AT&T’s Stankey could become head of Time Warner: report

AT&T Entertainment Group CEO John Stankey could end up becoming the head of Time Warner should AT&T’s $85 billion acquisition bid go through.

The New York Post spoke with an unnamed source close to Stankey who described him as AT&T CEO Randall Stephenson’s “heir apparent” and as someone who is going to become “a very important man in entertainment.”

Of course, Time Warner CEO Jeff Bewkes has rebuked those notions -- which may have started with reports that we would leave following the merger. Bewkes said during an investor and media call with Stephenson that he would be staying on with the company and Stephenson added that he didn’t have any experience running a movie studio so he would definitely need someone like Bewkes around.

Nevertheless, questions abound with speculation also surfacing about what role Peter Chernin might play in a combined AT&T-Time Warner. Chernin heads The Chernin Group, which helps run a JV with AT&T designed around producing content for streaming services.

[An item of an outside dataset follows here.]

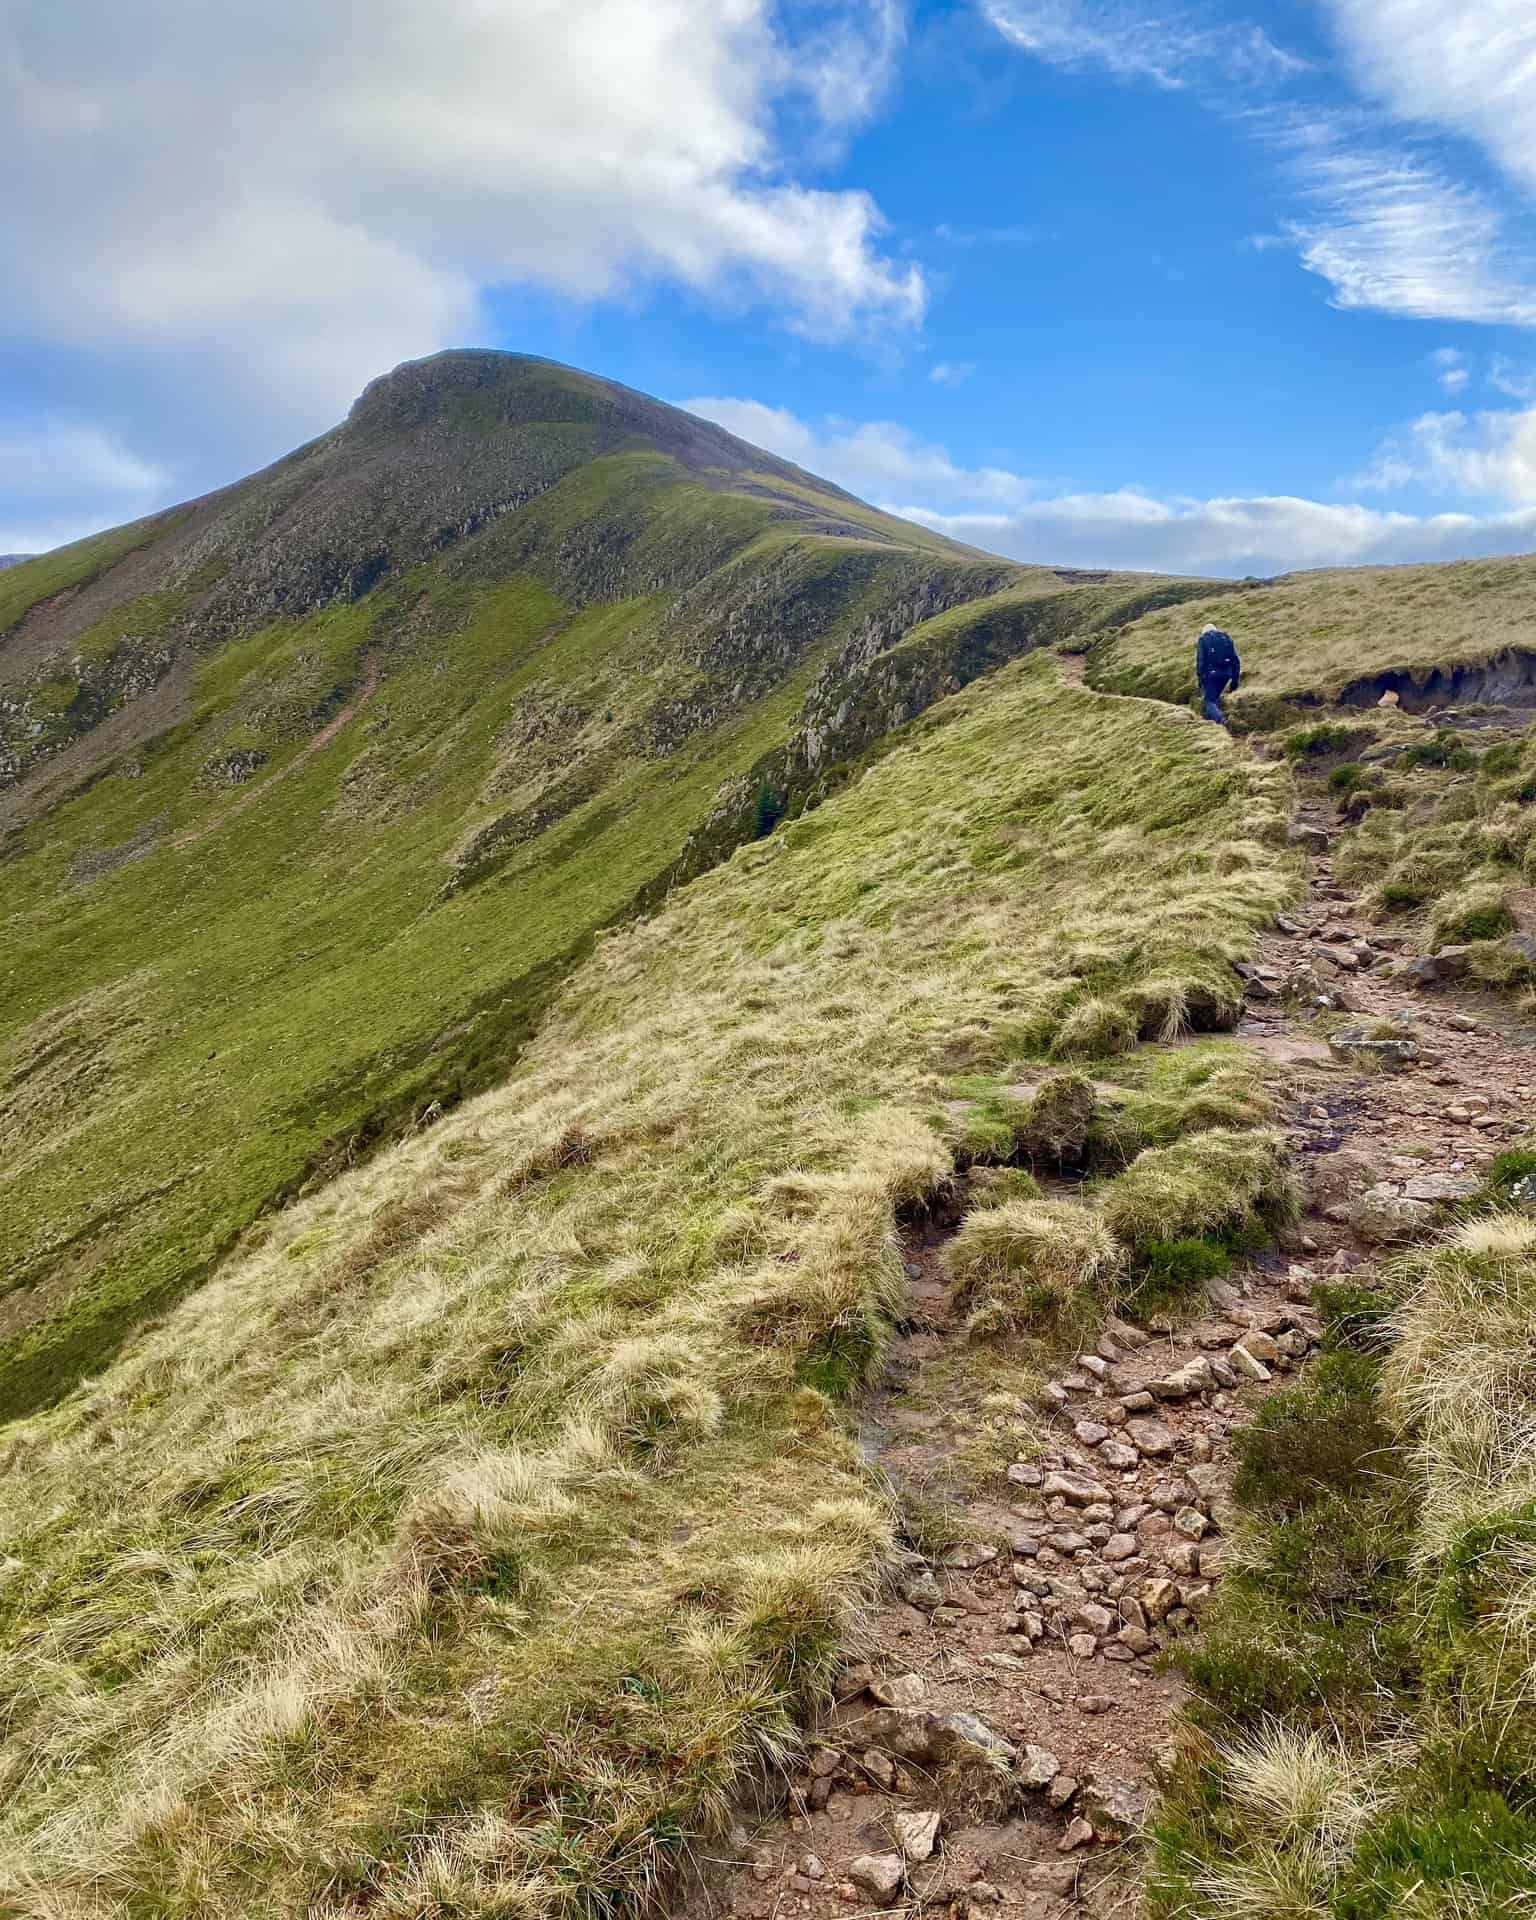 The start of the climb to the top of Red Pike from Lingcomb Edge.

“They could put Peter in entertainment, and he reports to [the CEO], or Peter reports to John [Stankey,] or he continues to be a close advisor,” the source told the Post.

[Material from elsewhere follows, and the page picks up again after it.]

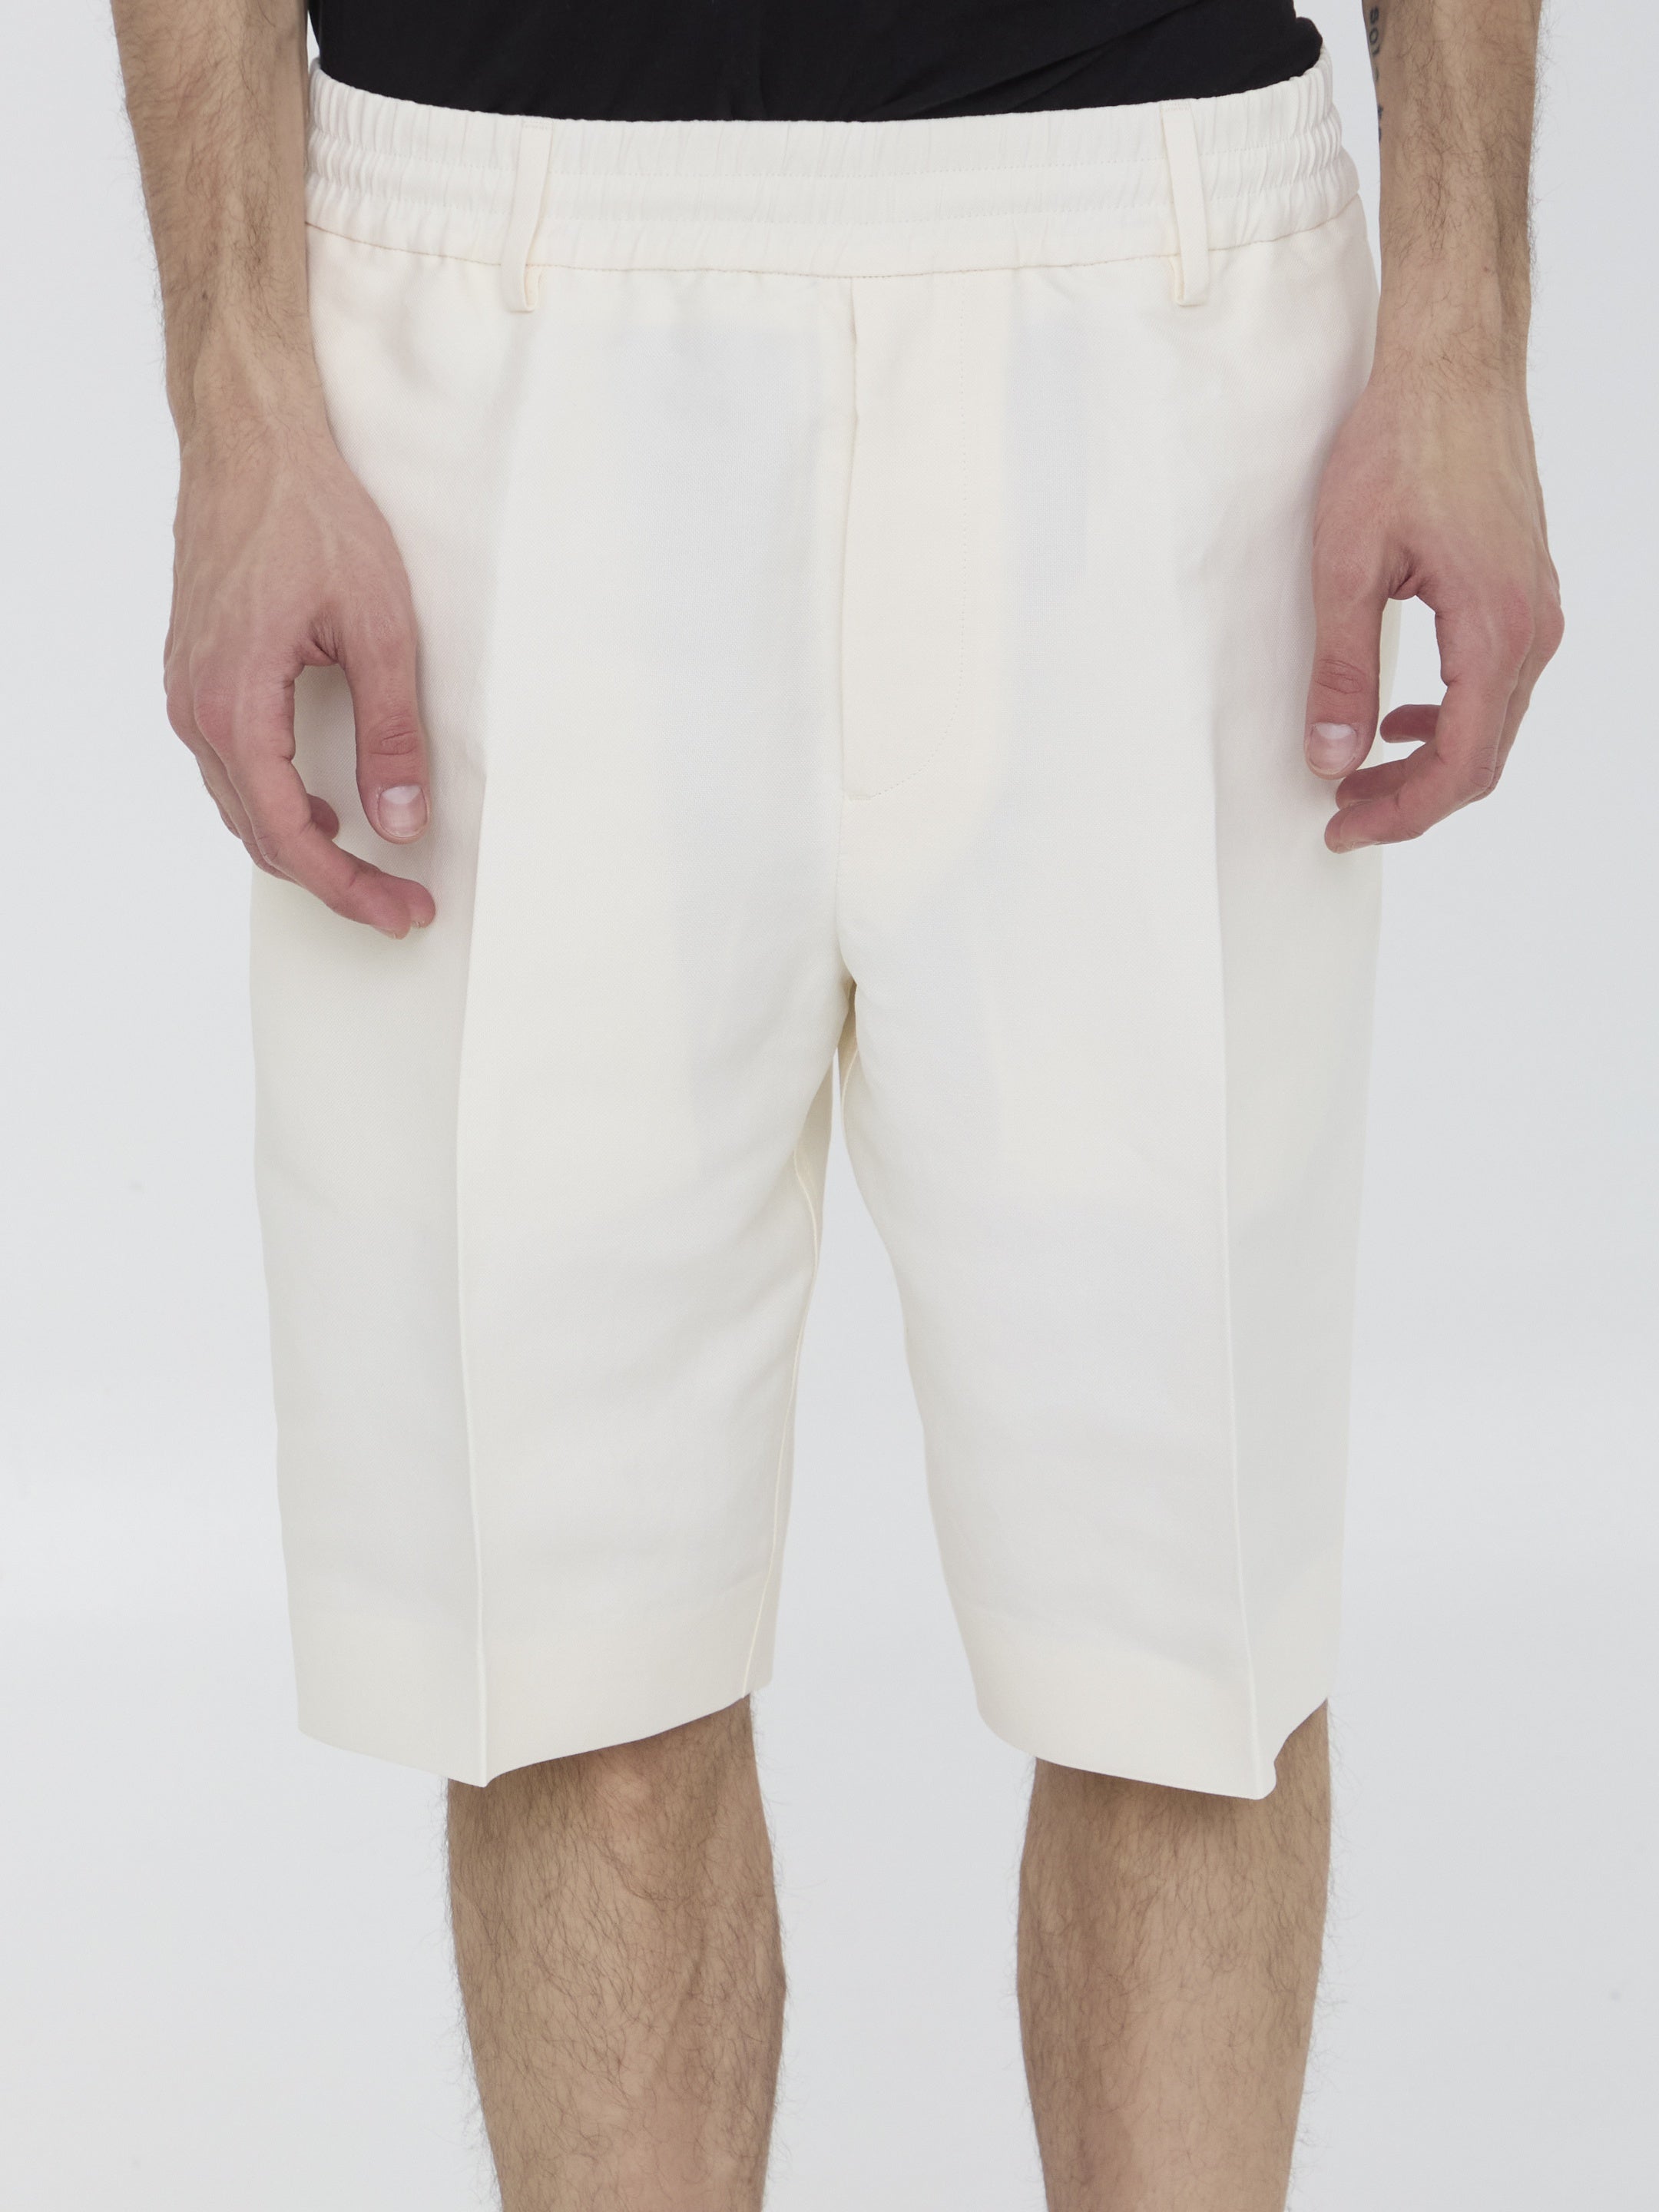 BURBERRY-OUTLET-SALE-Tailored-bermuda-shorts-Hosen-48-WHITE-ARCHIVE-COLLECTION.jpg

Of course, before any management team can be put in place for a combined AT&T-Time Warner, the deal has to clear a number of regulatory hurdles. Wells Fargo analyst Jennifer Fritzsche gives AT&T a good chance of closing the deal, particularly if the FCC does not get involved.

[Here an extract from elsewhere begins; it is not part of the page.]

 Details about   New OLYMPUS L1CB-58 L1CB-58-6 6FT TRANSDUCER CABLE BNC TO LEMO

“Based on the current spread, the market seems to be pricing in only a 45% chance of this getting approved according to our risk / arb group. If the FCC is not involved, we think T has a very solid case to bring to the DoJ. If the FCC is involved, we still think T has a very solid case but the regulatory approval process and the politics of the review may be much more controversial and protracted,” wrote Fritzsche in an analyst note. “While we expect a DOJ to impose conditions as part of its review and approval of the deal, the DOJ blocking the merger outright would be somewhat precedent setting given that no vertical deal in the TMT space has been rejected by the DoJ. Since a new head of DoJ won't be in place until early 2017, a YE2017 closing may be somewhat optimistic.”